We lost the WiFi in the boat due to two big fishing boats moored between Moon and the harbour office. Because of that Annika had to work in the harbour office instead of using her own “office” in Moon. The fishing boats harvest cucumbers that are sold to China. One boat had over 50 ton caught in one day, earning 1,5 CAD per kilo.
Our windlass has been cleared customs and is hopefully in St John’s by Friday.
4 July Wednesday St. Lawrance – Trepassy, Avalon Peninsula 91 nm
Really early start to be able to reach our next port/anchorage before dark. Unfortunately not much wind when we came out of our bay. At the entrance to the bay we had thick fog, a fog that followed us through the whole day. Lucky we have AIS and radar as the fog only allowed us to see fifty to hundred meters around the boat for most of the time. Off and on we could sail, but most of the day we had to engage the engine. On top of this it was bitterly cold.

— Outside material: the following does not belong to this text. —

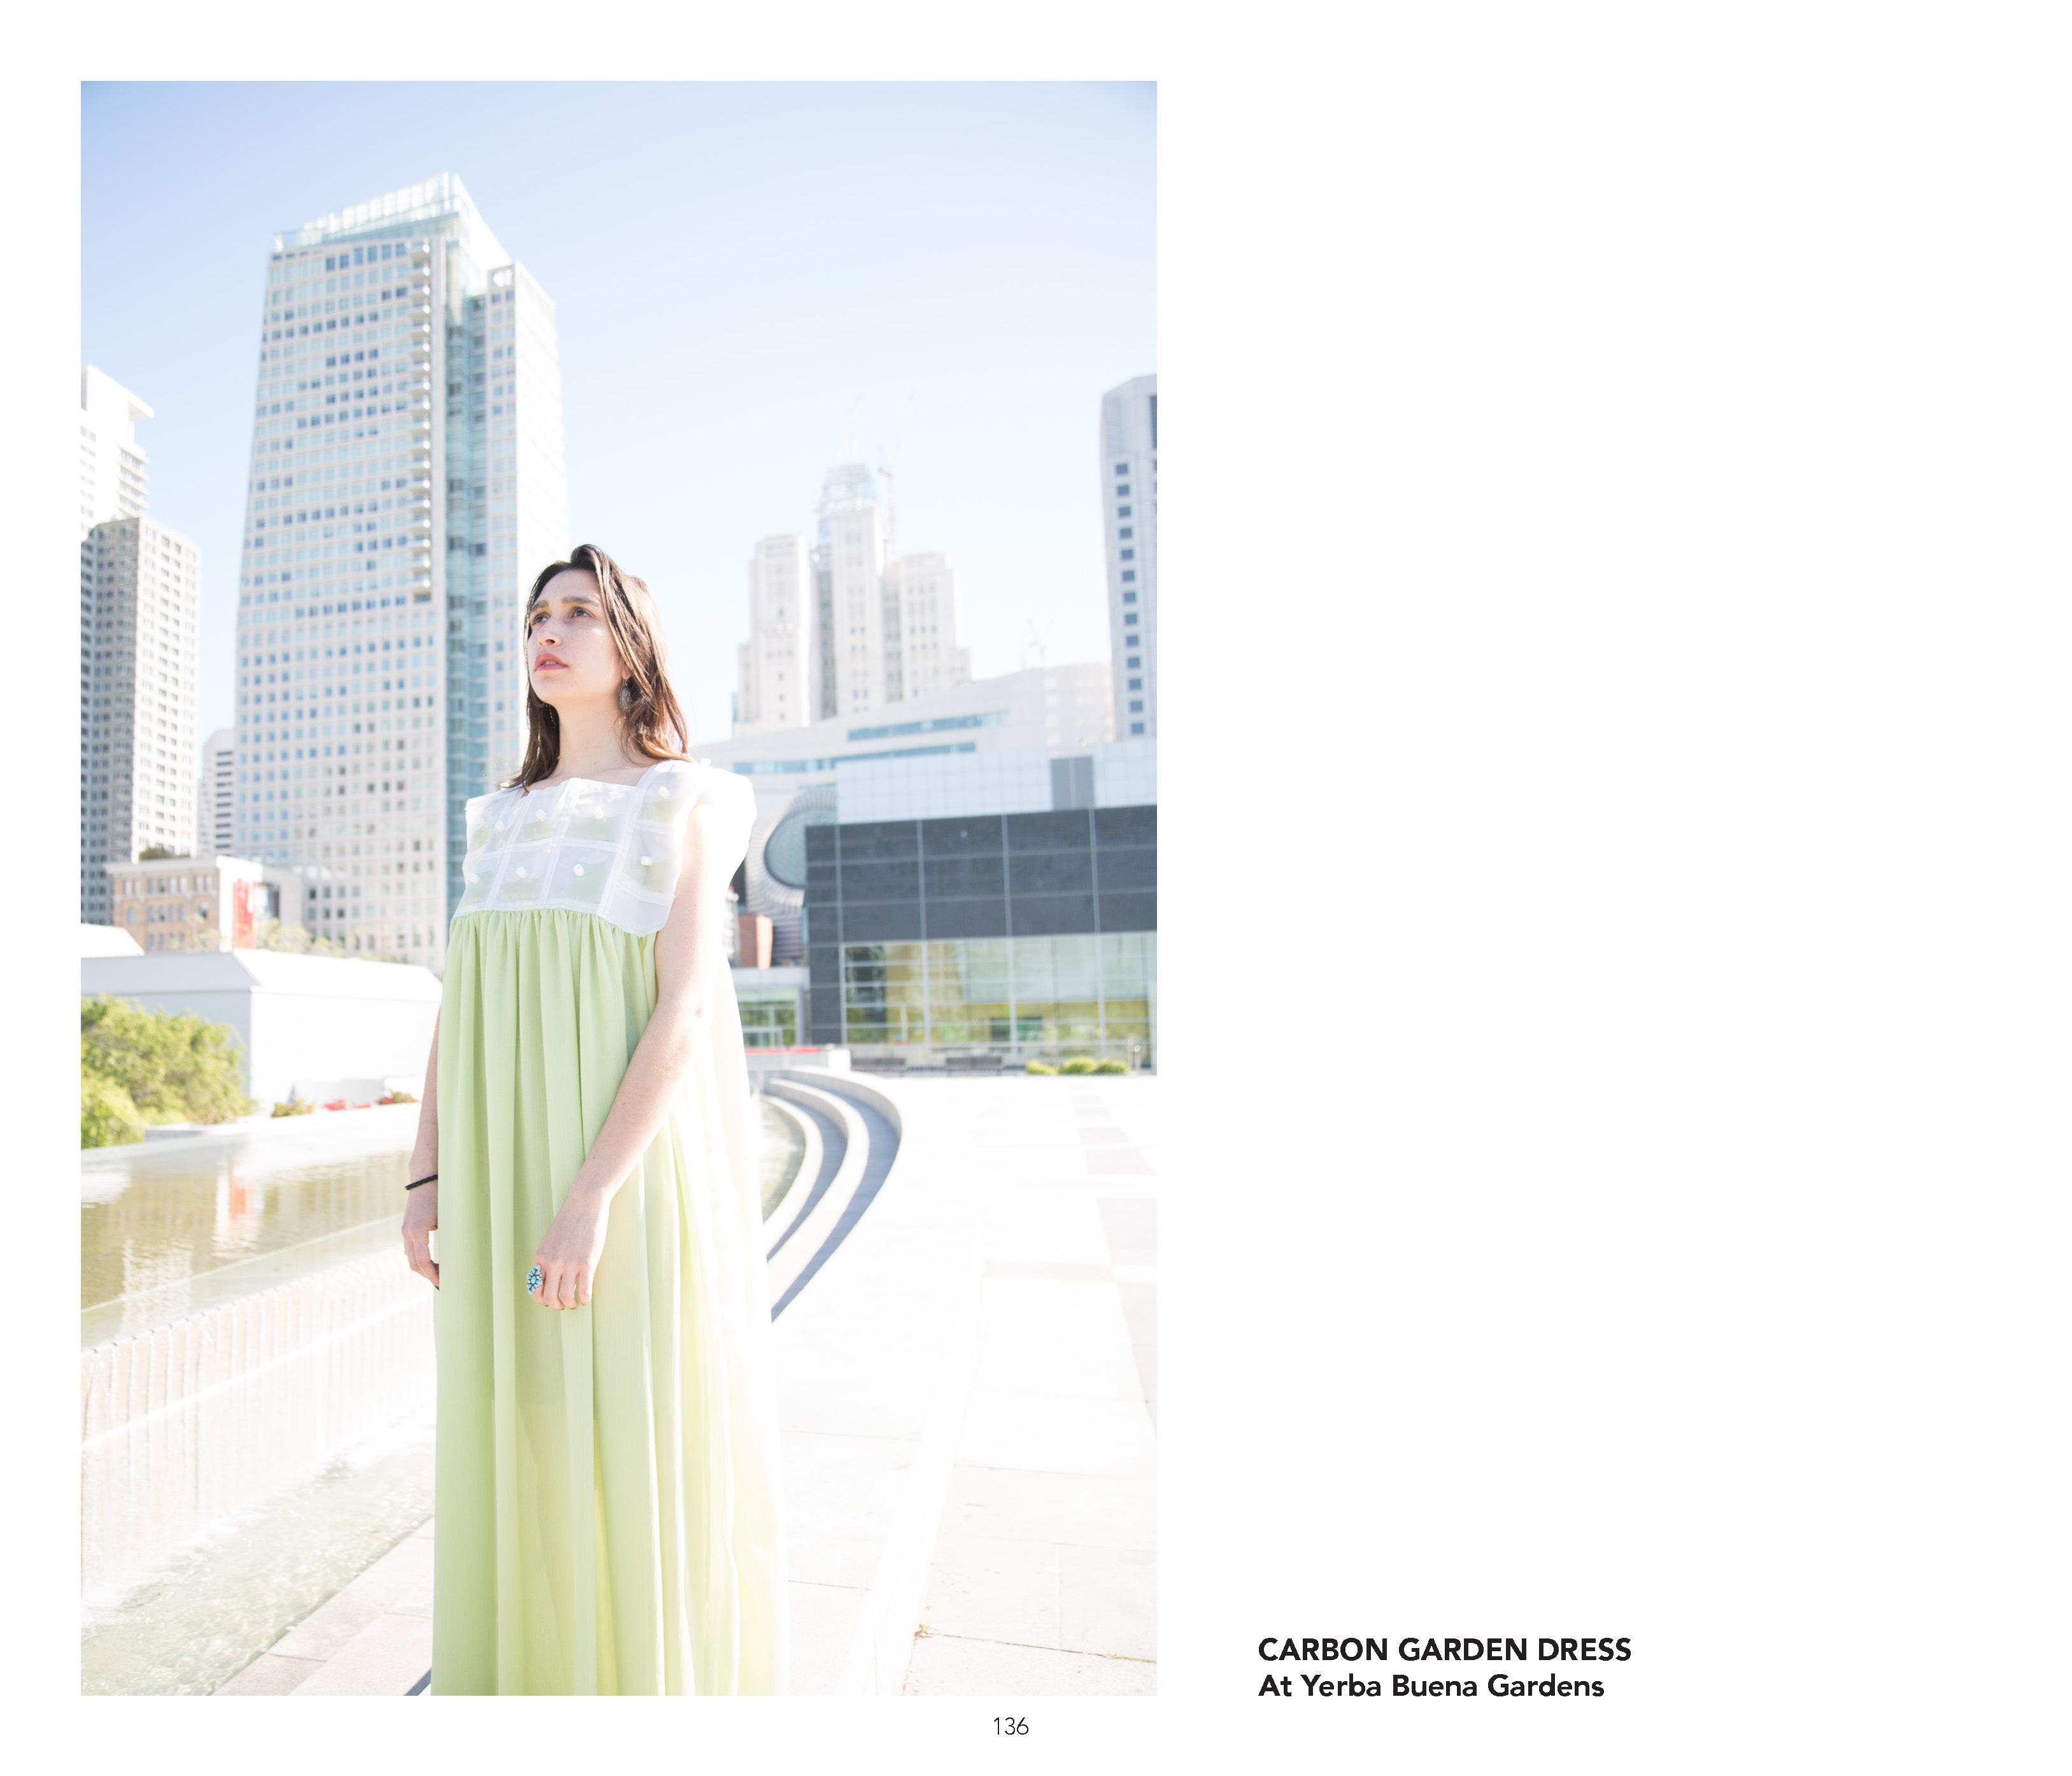 Carbon Garden Dress

A nice warm dinner was served before six o’clock and shortly after that we saw the lighthouse on top of the peninsula where we were going to turn northeast into Trepassy. Not only the fog disappeared, a strong katabatic wind came down the high peninsula and gave us two hours with extremely fast and nice sailing on flat water all the way into the anchorage.
Not as easy as usual to anchor due to our collapsed windlass, but finally we were set and got a very well earned anchor dram after a long day in fog with a brilliant final making full speed.

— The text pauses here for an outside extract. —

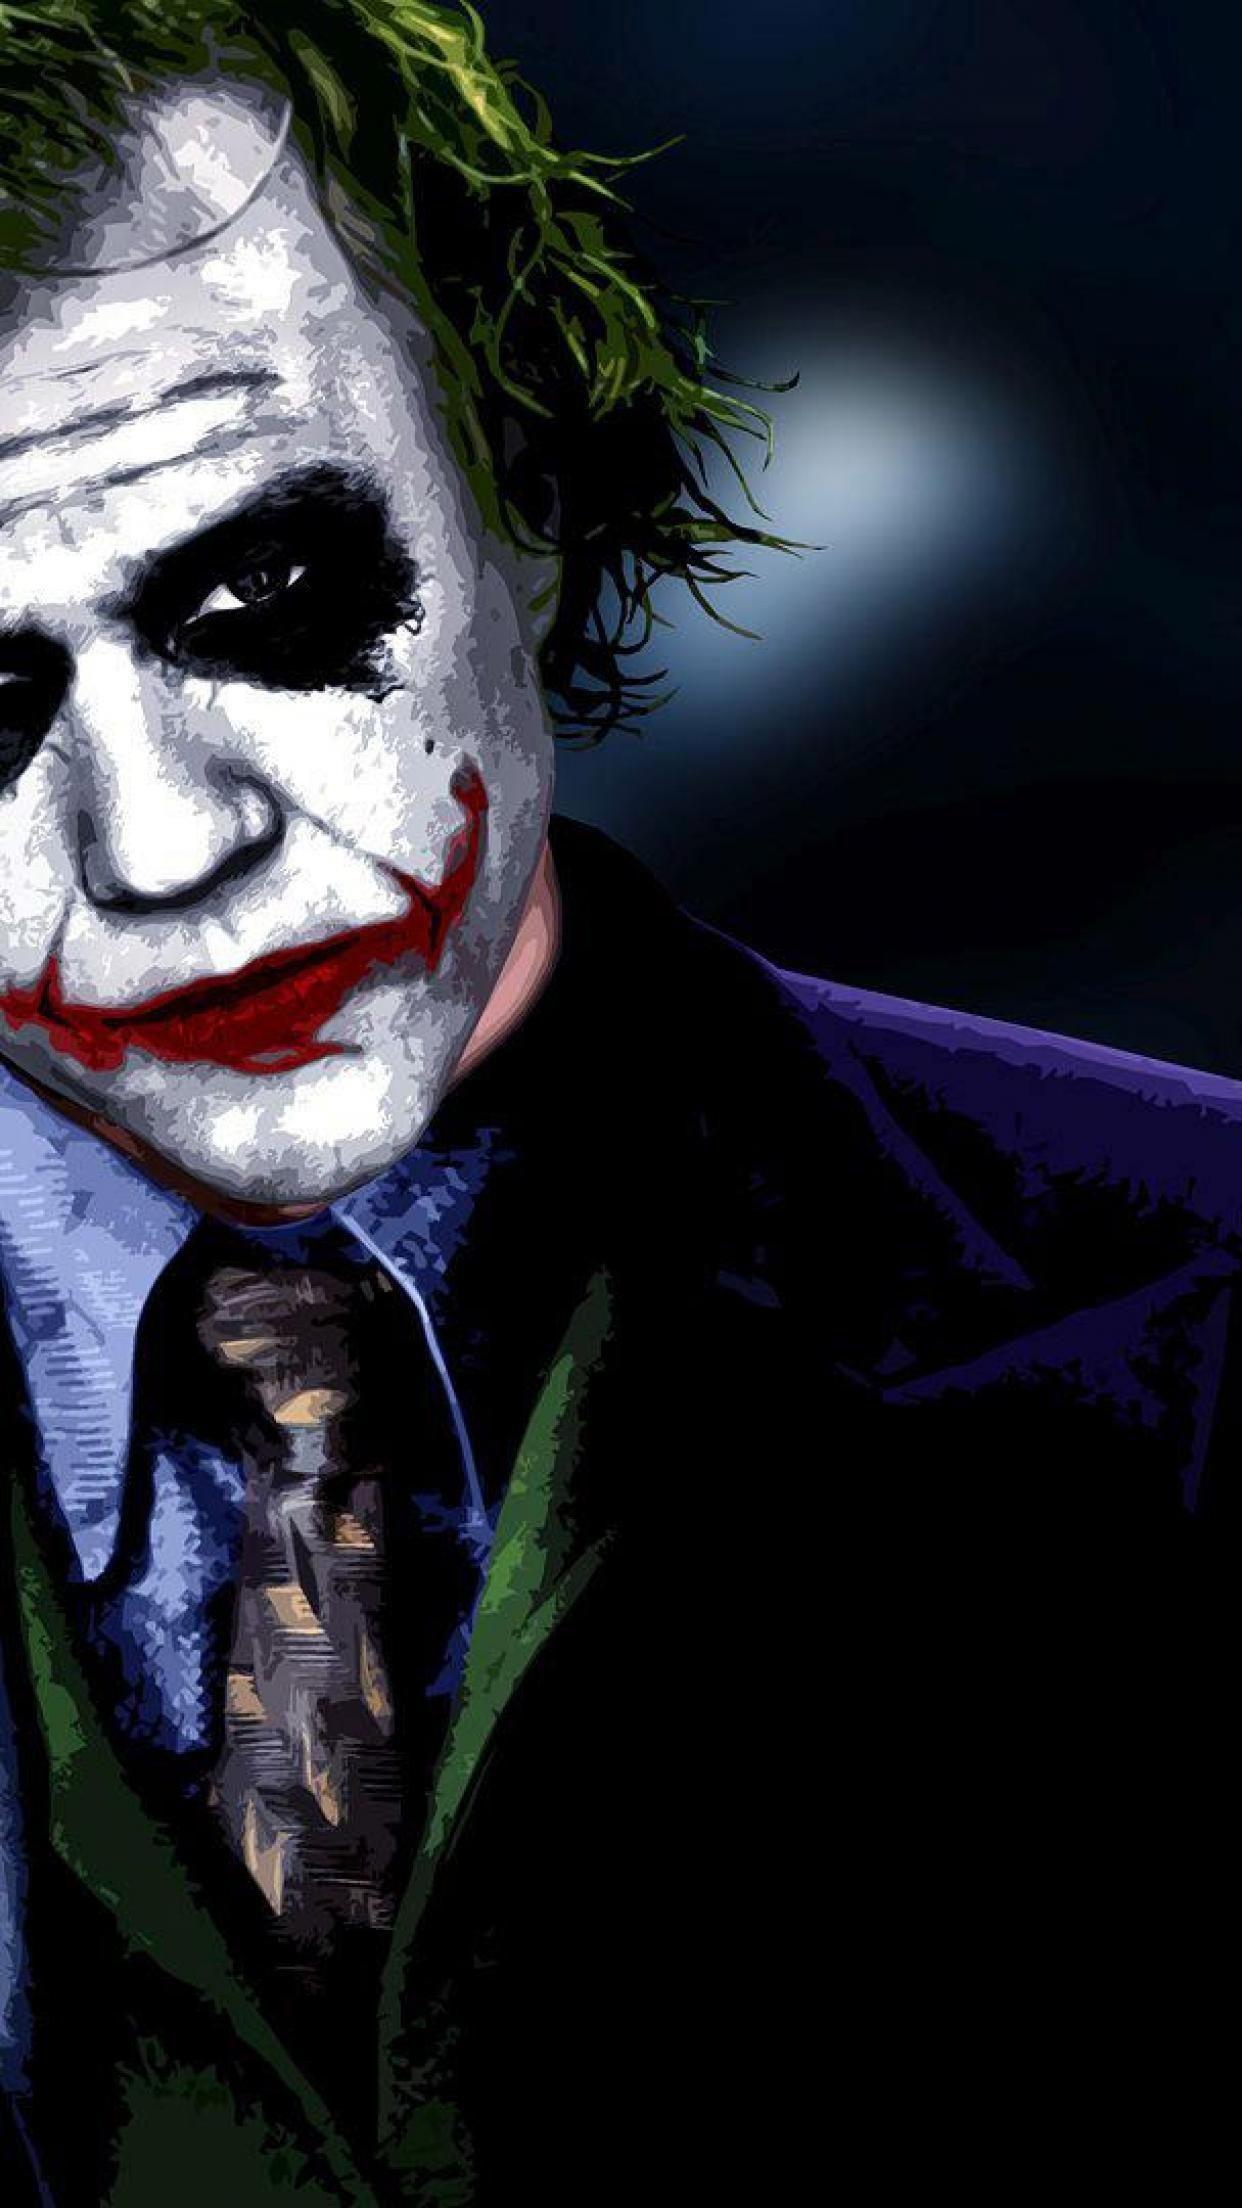 The Joker Wallpaper 74+ images

5 July Thursday Trepassy, south coast of Avalon – Port Kirwan on the east coast of Avalon 43 nm
Woke up shortly after six and had breakfast at anchor. This is the first time we anchored since the windlass broke down. But retrieving the anchor came out ok, using the aft electrical winch and a long rope. We could pull eight meters at a time and secure with two chain hooks when attaching the next sling. The chain and anchor were very muddy hence the retrieving took some extra time. We hoisted a reefed main and then sailed off in warm wind from shore. The wind was very light making us use the engine the whole morning.

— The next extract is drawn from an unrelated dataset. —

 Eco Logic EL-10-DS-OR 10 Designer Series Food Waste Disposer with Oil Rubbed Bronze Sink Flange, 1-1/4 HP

Had two Minke whales quite close when we rounded the first light house and headed for Cape Race, the Cape famous for its difficult weather and sea state.
After ten miles we could see the light house and had many blows from whales in the bright sunlight. Very pictures. Coming around to the south side of the cape we got strong head wind over land. As long as it came over land we were fine, but we were a bit worried about the conditions coming around the cape if the wind had the same direction. Off course the condition was almost worse than we expected. There was no way we could motor or sail against this steep sea and strong wind. We had a forecast telling us that the wind should ease and wear in an hour or two. The only reasonable solution was to unfurl the Yankee and sail offshore, waiting for the wind and sea state to be more cooperative. As we know about the wind shift and we didn’t want to come too far out or losing headway, we sailed almost heave too. Very slow and into the wind.
An hour later the wind eased from gale to a force that we could cope with, heading north east. Unfortunately the wind did not change direction enough to allow us to sail without the engine, but this was good enough and allowed us to reach the coast again after an hour. Lots of whales, this time Humpbacks, were fishing between us and the coast. We had sunshine all day in spite the fog was at the horizon.
Three o’clock we headed into a deep fjord and stayed at the first little harbor, Port Kirwan, where we tied up to the public wharf perfect with our bow into the wind. Kirwan had summer record, 31 C, yesterday and today was another warm day. During tying up we had to undress rapidly in the 26C sunshine with little wind!
Took a long walk up the steep hillside and out to the coast with marvelous views out at sea.
6 July Friday Port Kirwan – St John’s 44 nm
Quiet morning in sunshine. Left the wharf shortly before nine o’clock and out in the flat water of the fjord we hoisted the main with one reef. Out at sea we could unfurl the Yankee and shut down the engine.
Today the wind finally came from south and we could very comfortable sail 130 degrees to the four islands famous for its birdlife. 260 000 Puffins are breeding here and more the half a million storm petrels, not to mention common murre and razor bills.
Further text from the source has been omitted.